Wimbledon Won’t Life Ticket Prices After Prize Money Gain

Wimbledon Boosts Prize Money by 40% to $34 Million
Rear view of Great Britain's Andy Murray in action vs. Switzerland's Roger Federer during the Men's Final at All England Club on July 8, 2012. Photographer: Erick W. Rasco/Sports Illustrated via Getty Images

The Wimbledon tennis championships won’t raise ticket prices even after it announced the biggest prize-money increase ever seen in tennis and plans to build a second retractable roof.

The All England Club, which organizes the annual grass-court Grand Slam tournament in southwest London, today said it would boost prize money for this year’s event by 40 percent to

22.6 million pounds ($34.5 million). The 6.5 million-pound increase is the largest ever in player compensation, while the total purse is the biggest in the history of the sport.

“All of our plans here are funded in a way that will not affect ordinary fans coming to Wimbledon,” All England Club Chairman Phil Brook said in an interview at Wimbledon’s Centre Court.

A ground pass for the first week of Wimbledon costs 20 pounds.

Brook declined to comment on the total investment in player compensation and a roof over No. 1 Court, instead saying “it’s all affordable” with the funding coming from “existing resources.”

The men’s and women’s singles champions for this year’s tournament -- which starts June 24 -- will receive 1.6 million pounds each, or 39 percent more than last year.

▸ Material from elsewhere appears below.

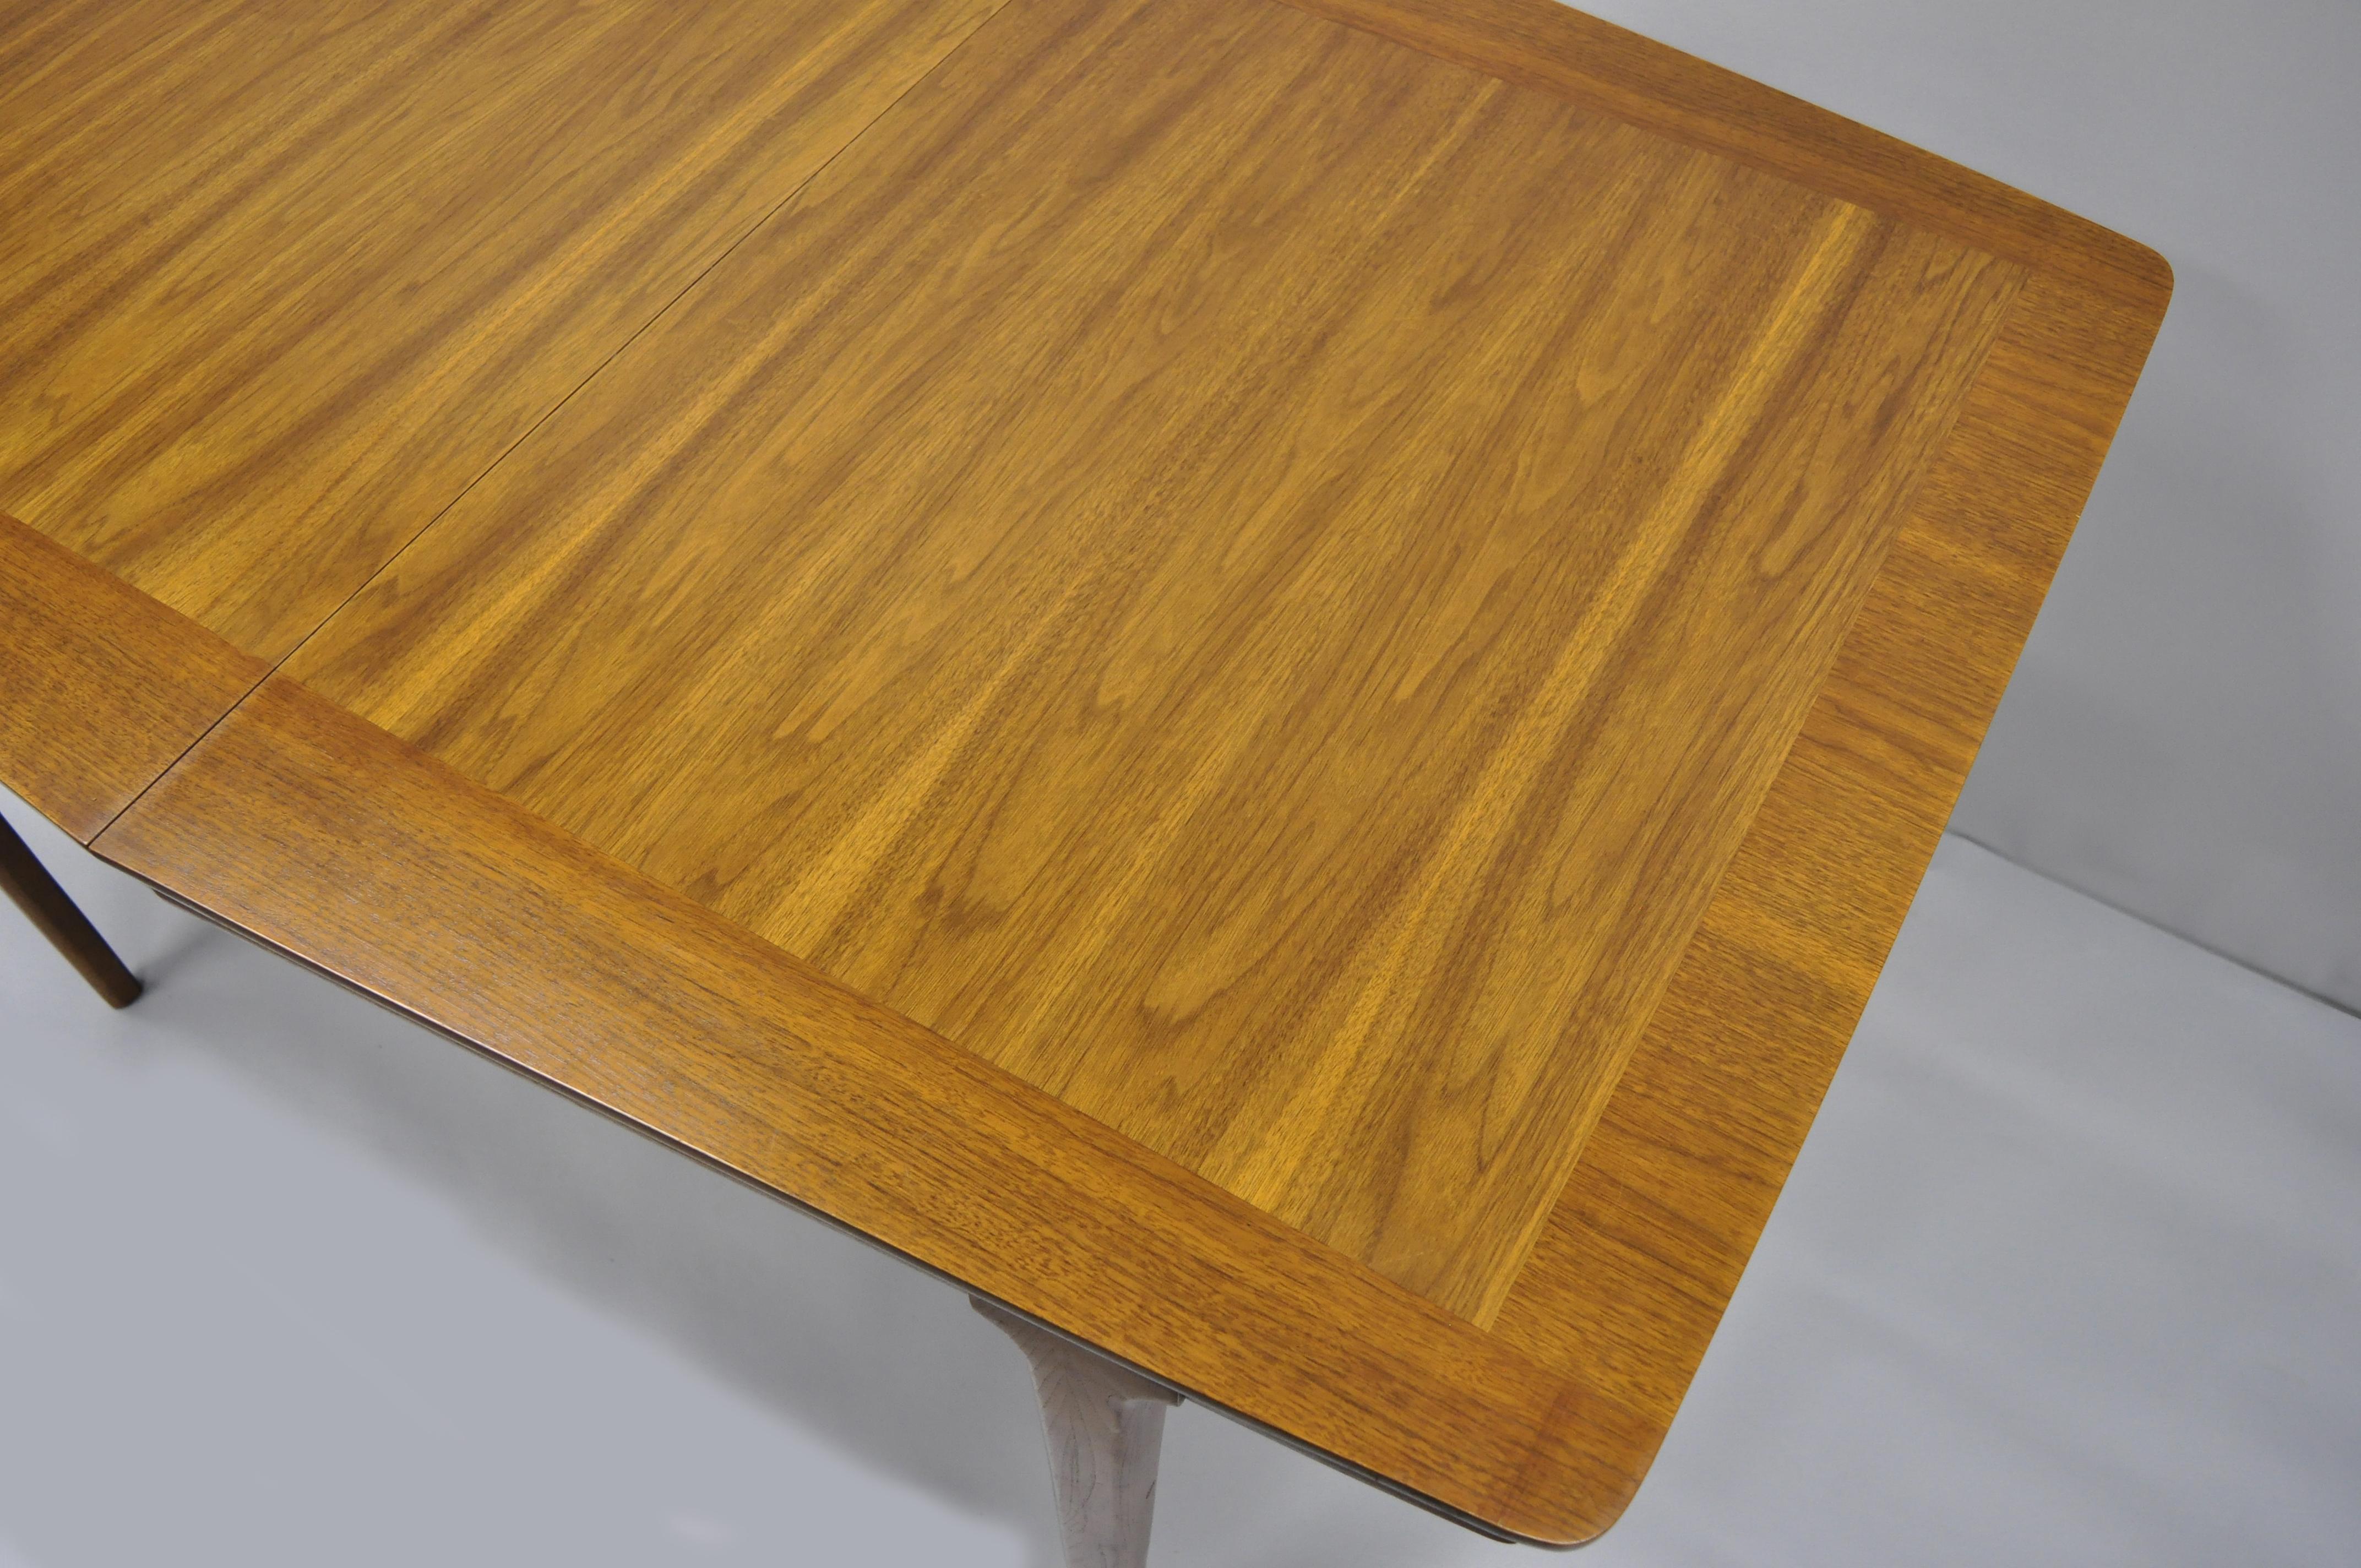 20th Century Mid-Century Modern Danish Walnut Sculpted Edge Dining Table with 1 Leaf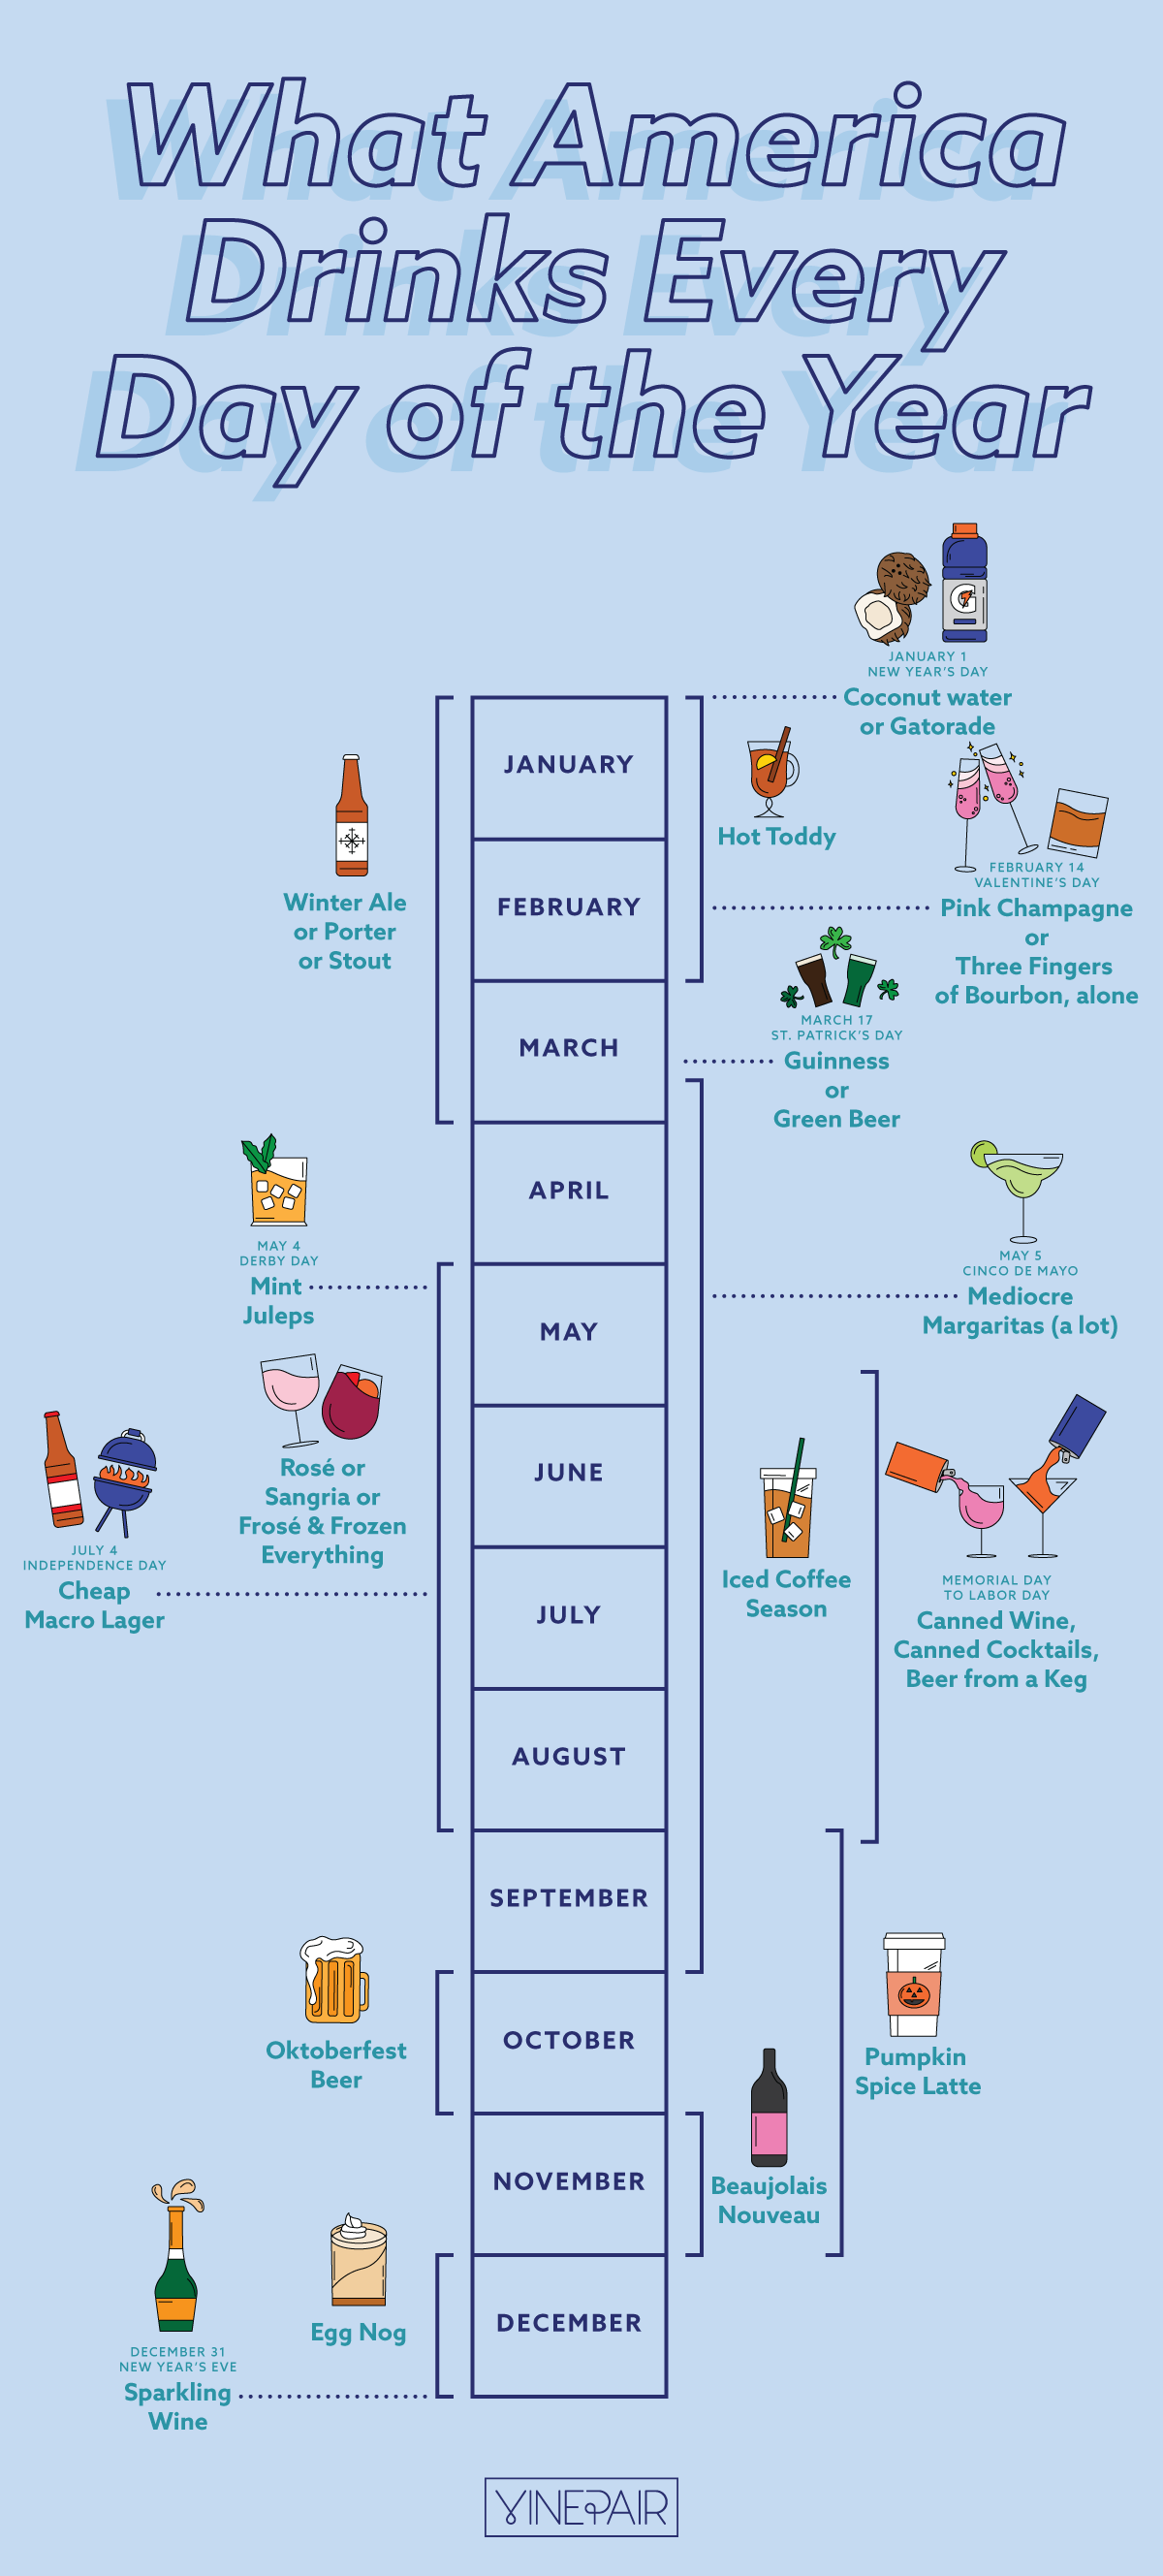 What America Drinks Every Day of the Year

Just like in 2012, Wimbledon saved the biggest increases for early-round losers. An exit in the first three rounds of the main draw will be rewarded by as much as 64 percent more pay, while players in the qualifying tournament will receive 41 percent more. An exit in the opening round will be rewarded with 23,500 pounds, or 62 percent more.

Losers’ Money

“A lot of the increase is going toward players who lose in the early rounds or in our qualifying tournament,” Brook said. “This is a large group of players, who are not particularly wealthy. They are players who are making their way onto the tour, and we think it’s important to support that group.”

After meetings between the four majors -- the Australian, French and U.S. Opens and Wimbledon -- and the men’s tennis tour in March last year, the French Open was the first to change its distribution of prize money by increasing pay for the early rounds of the main draws as well as the qualifying tournament in


That followed calls from players, including third-ranked Andy Murray of Britain and second-ranked Roger Federer of Switzerland, for a more even distribution of revenue generated by the majors. After Roland Garros, the three other majors all followed suit, boosting their total prize-money purses and increasing pay in the earlier rounds.

ATP Discussions

“The latest prize-money increases announced by Wimbledon complete a successful set of discussions for the ATP with all four Grand Slams regarding player compensation,” Brad Drewett, executive chairman and president of the ATP World Tour, said in an e-mailed statement.

The Grand Slams generate significant revenue, and the ATP said that all players should share in money, Drewett said.

French Open finalist Sara Errani of Italy also welcomed the increases.

“To improve, you need people around you, such as a physical trainer and a coach, and that’s not easy to do for everybody,” world No. 7 Errani said in an interview from Stuttgart, Germany. “This should make it much better.”

The prize-money pot at next month’s French Open in Paris is a tournament-record 22 million euros ($28.6 million), or 3 million euros more than last year. That compares with A$30 million ($30.1 million) at this year’s Australian Open, and $29.5 million at the 2013 U.S. Open.

Australian Titles

Winning the Australian Open remains the most lucrative of the four majors for singles champions, with Novak Djokovic of Serbia and Victoria Azarenka of Belarus each taking home A$2.43 ($2.49 million) this year.

Wimbledon is also investing in improvements on its site at London’s Church Road, where it has been located since 1922.

The club is planning to build a retractable roof over No. 1 Court by 2019. Centre Court has had a retractable roof since 2009, which cost 80 million pounds, the Times of London reported at the time. The championships have frequently been hampered by rain.

Wimbledon also plans to build three new courts north of No. 1, new player accommodations and landscaping that aims to give fans the experience of “tennis in an English garden.”

Brook rejected calls from broadcasters such as the British Broadcasting Corp. to show more night matches under the lights with the roof closed.

In an interview with Bloomberg News last year, Barbara Slater, director of BBC Sport, said she “would love” to see more tennis played at night as it attracts more viewers. The U.S. and Australian Open both have night sessions, while the French Open plans schedule evening matches once it has one of its main courts covered.

“Fundamentally, we are a day-time outdoor tournament,” Brook said. “We don’t need to be a day-and-night tournament in terms of revenue generation, and our roof on Centre Court was built primarily for rain protection, and the same will be true for No. 1 Court.”